Provided records Block Start
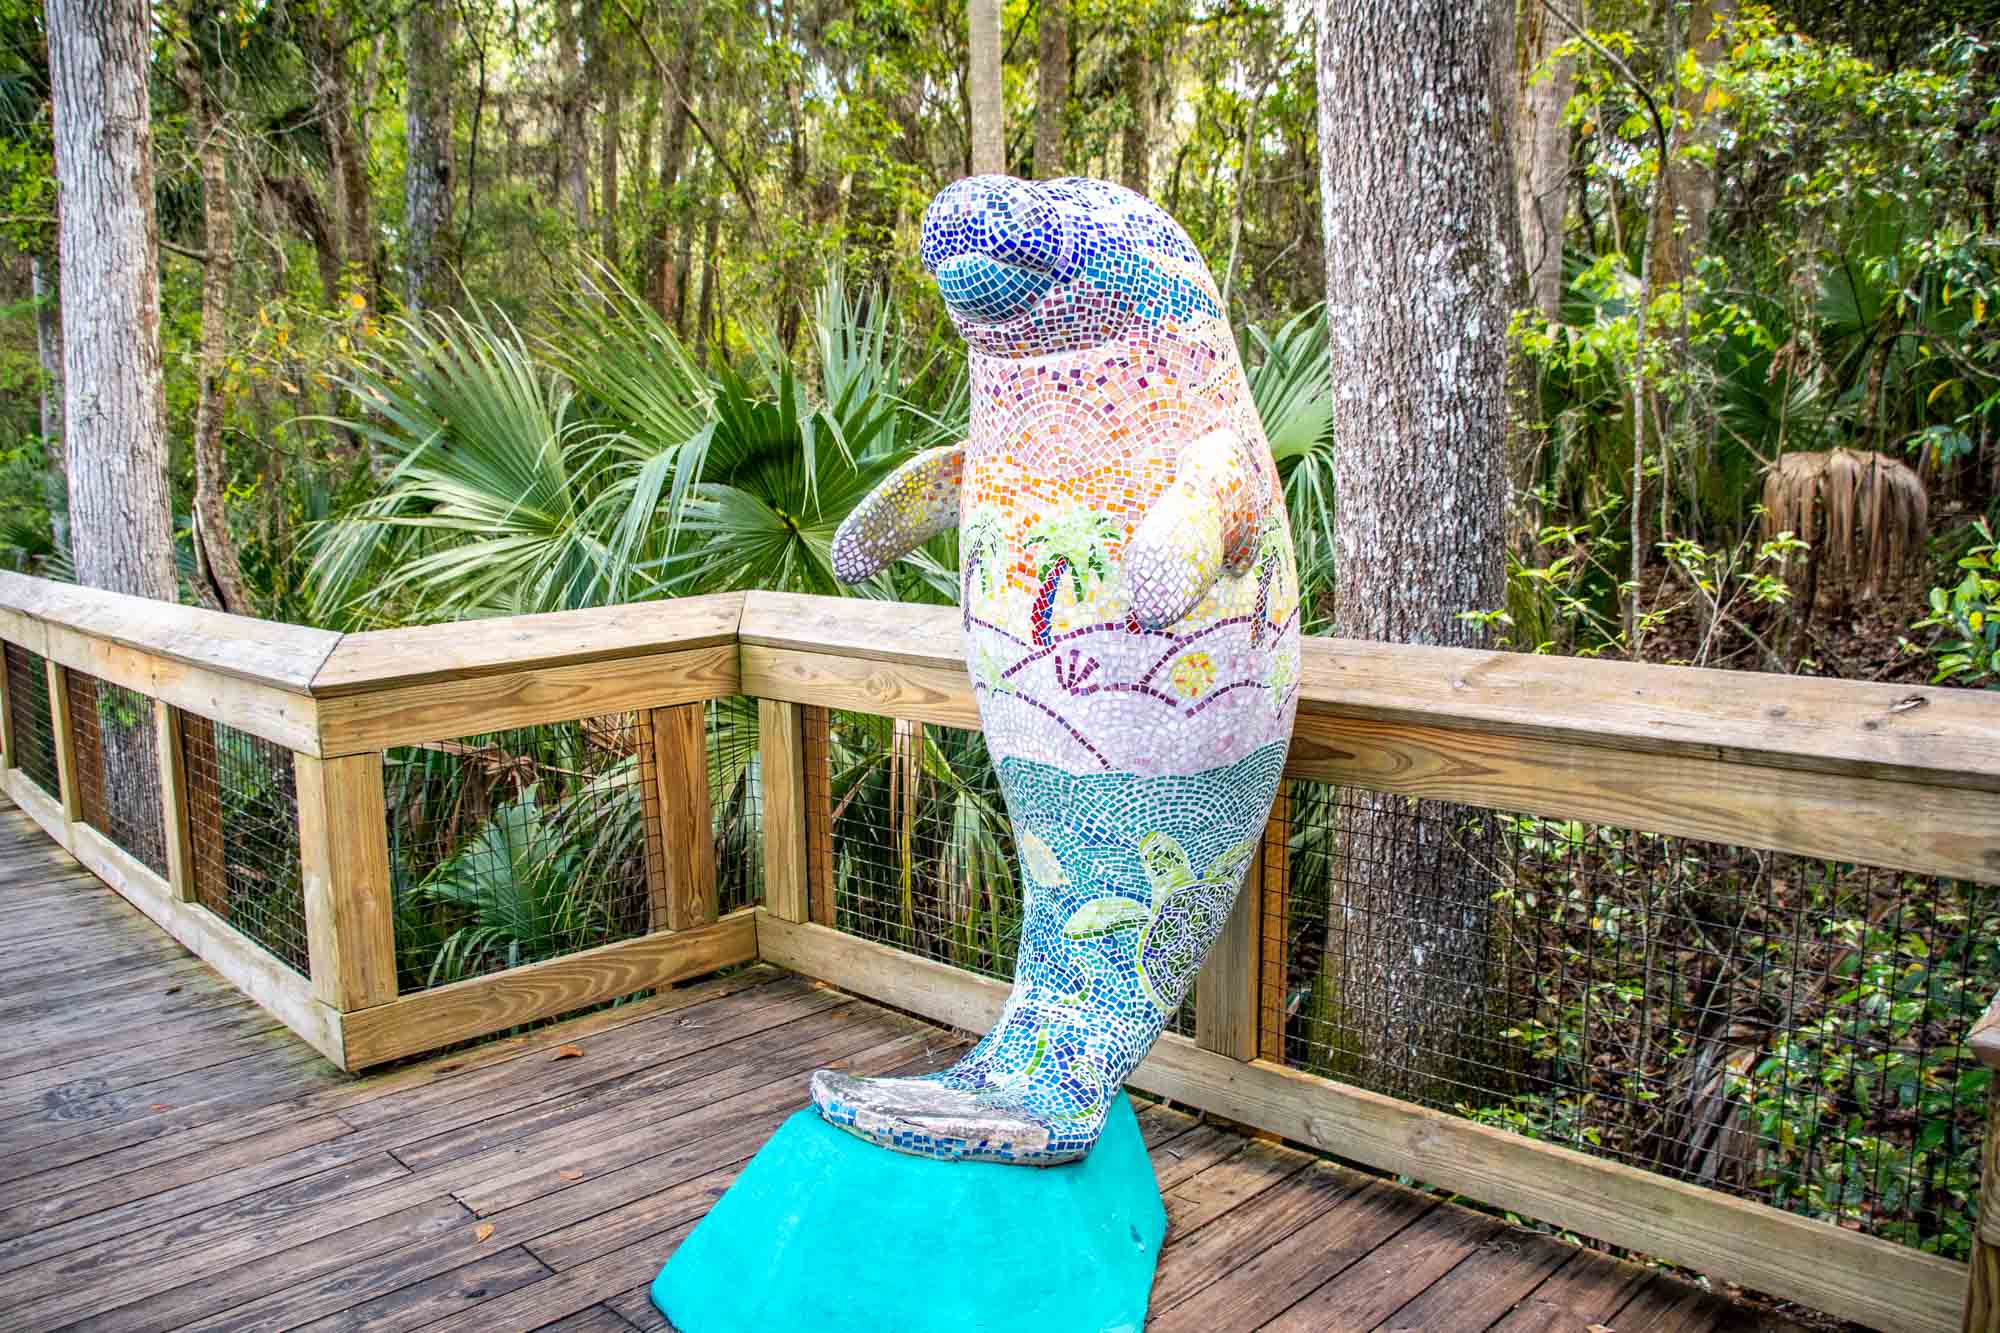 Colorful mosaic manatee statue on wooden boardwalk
Provided records Block End
Provided records Block Start
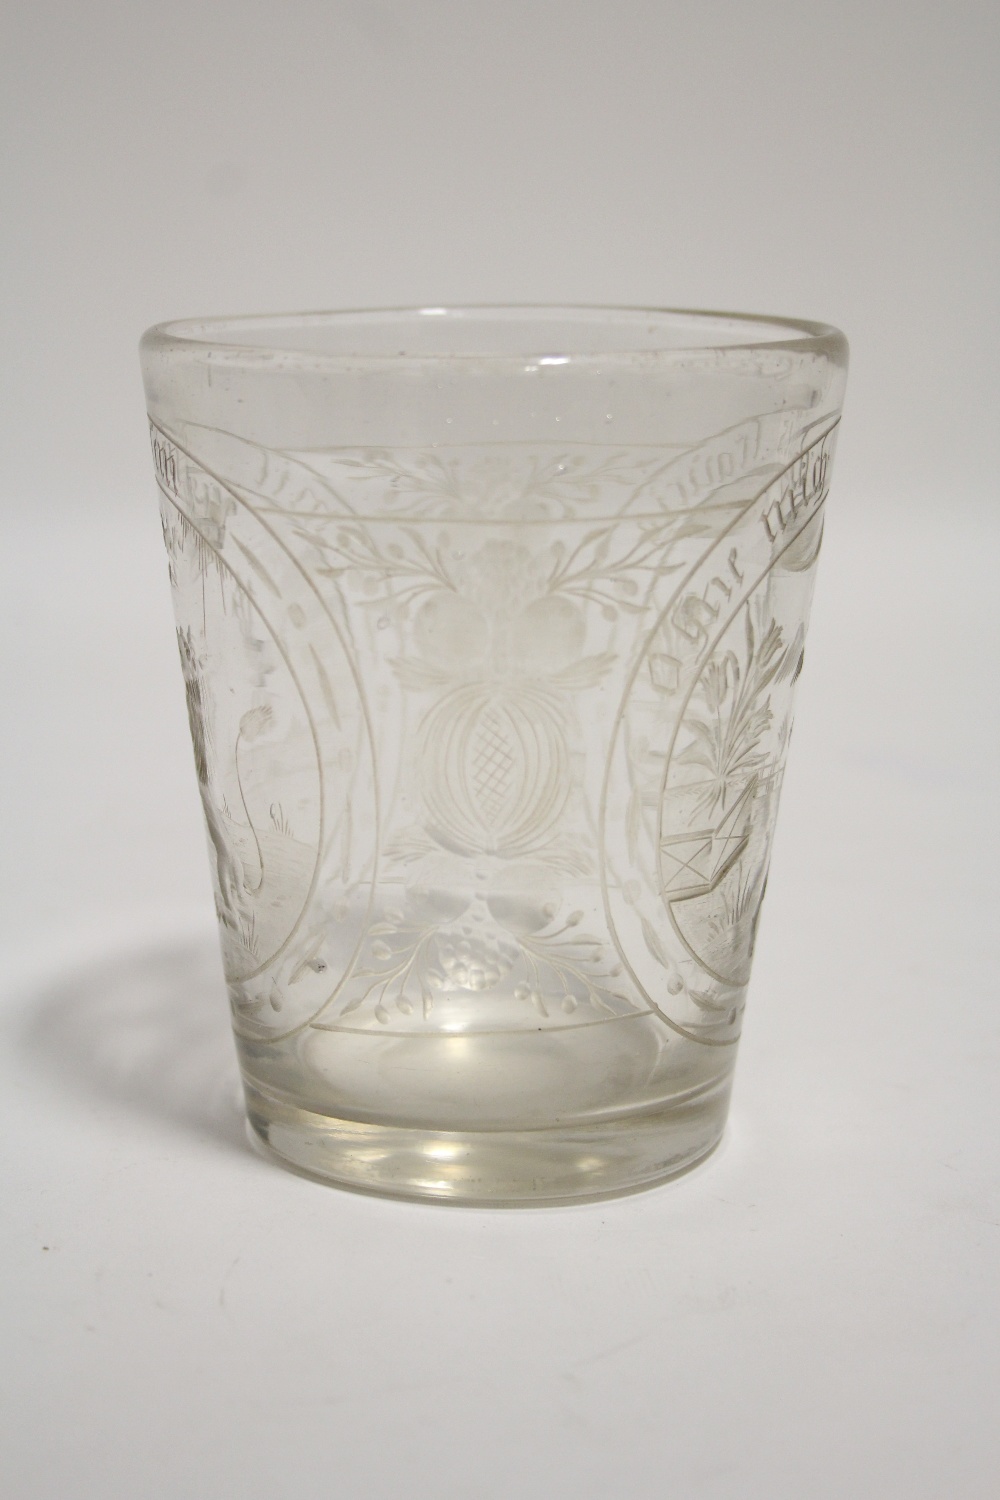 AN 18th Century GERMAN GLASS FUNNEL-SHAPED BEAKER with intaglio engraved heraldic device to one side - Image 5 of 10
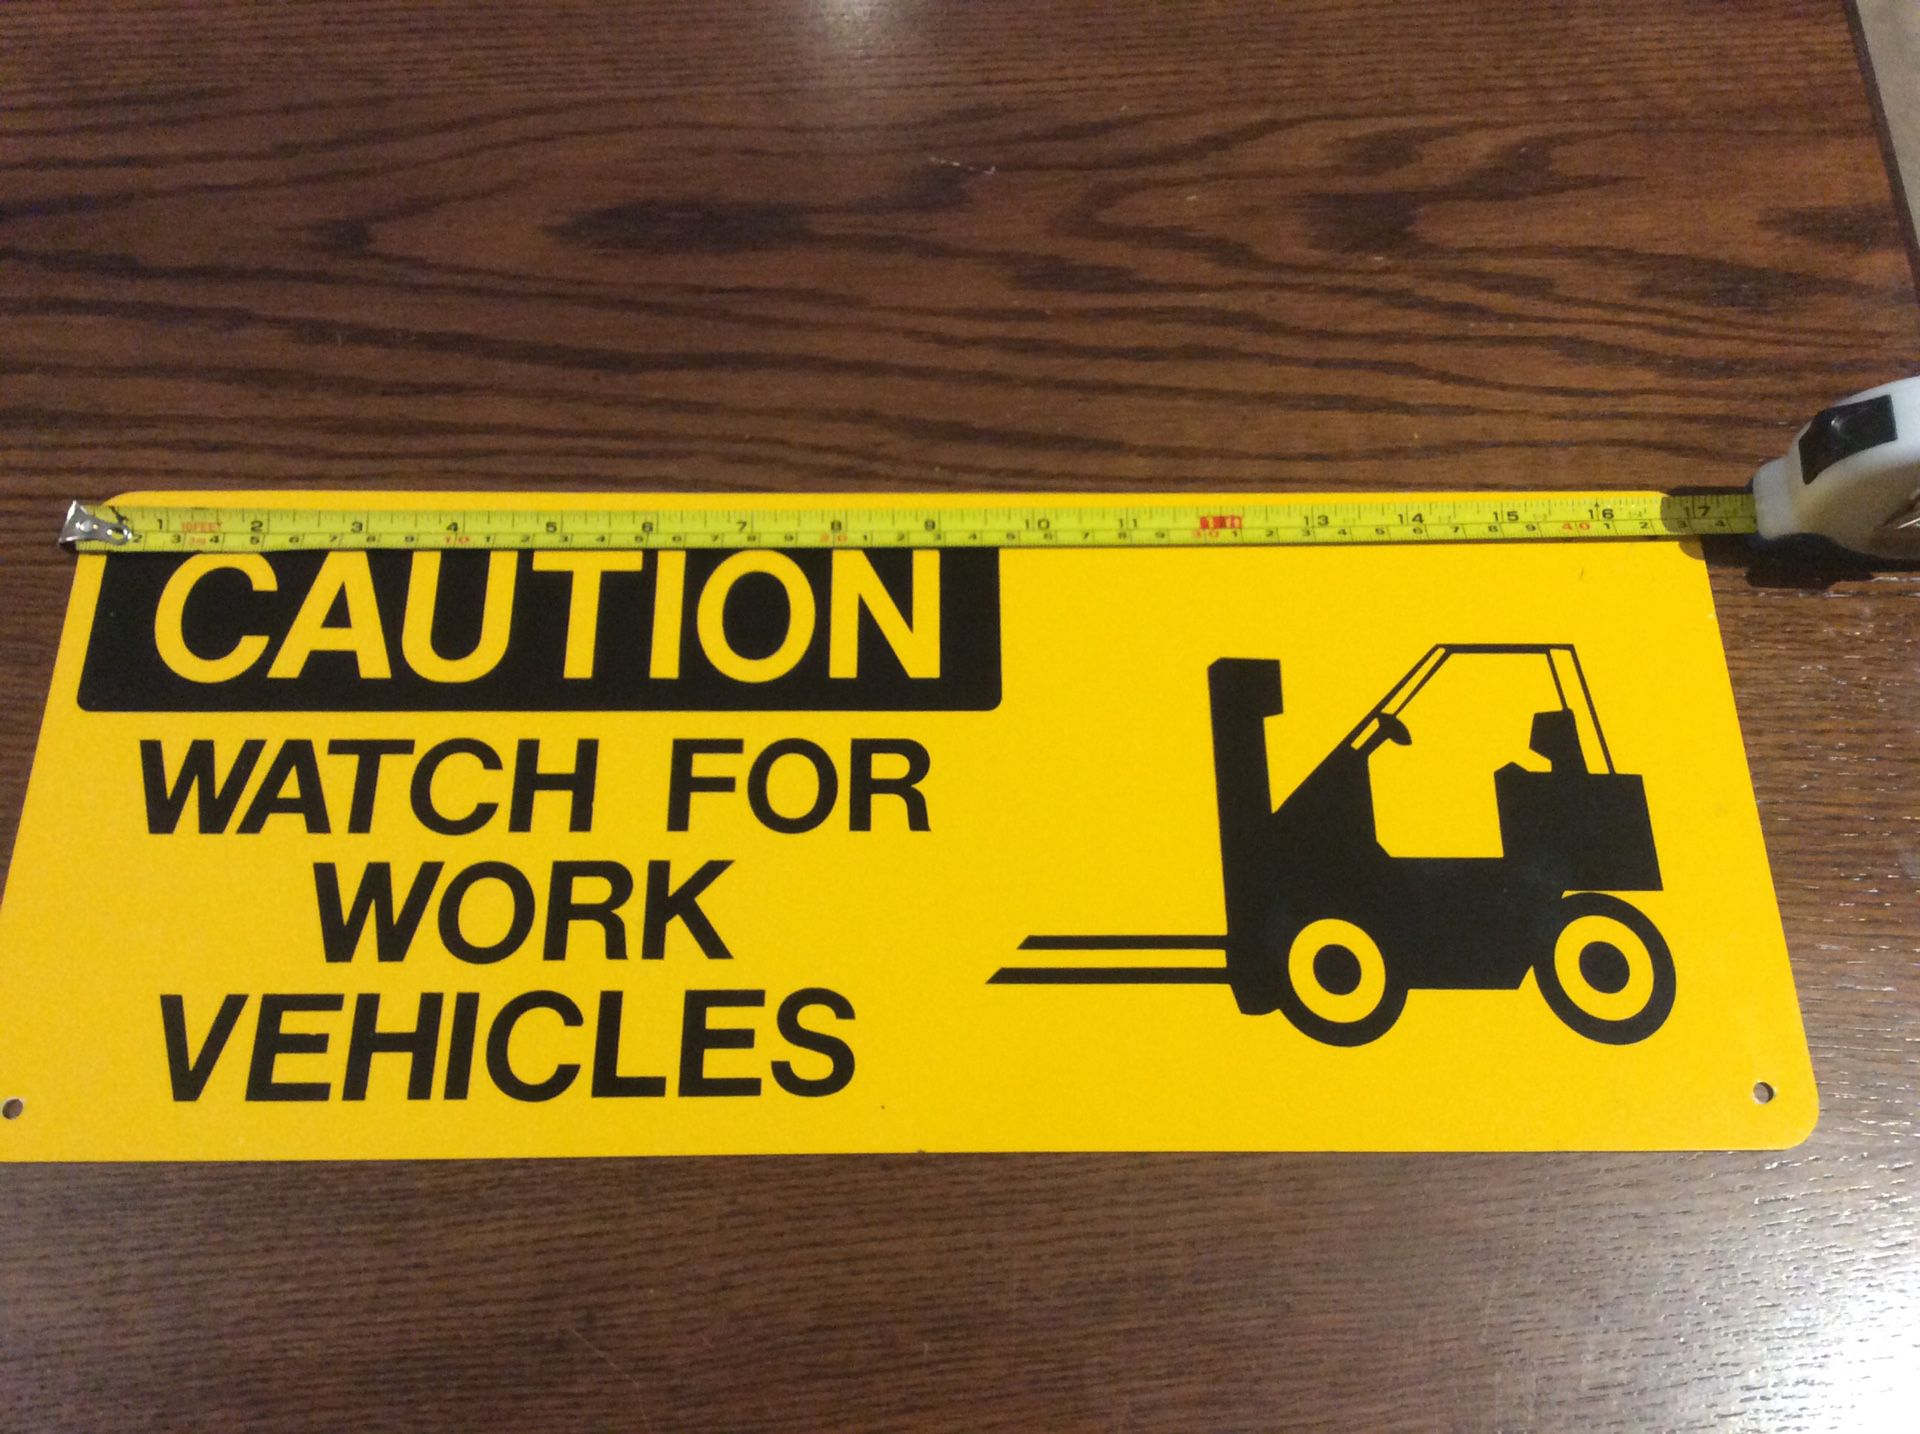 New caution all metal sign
Provided records Block End
■ **Assignment**
Every line above from the one with "AN 18th Century" down to the one with "New caution all metal sign" must be written out exactly, and no picture may appear.

■ **Answer to the problem**
 AN 18th Century GERMAN GLASS FUNNEL-SHAPED BEAKER with intaglio engraved heraldic device to one side - Image 5 of 10
 New caution all metal sign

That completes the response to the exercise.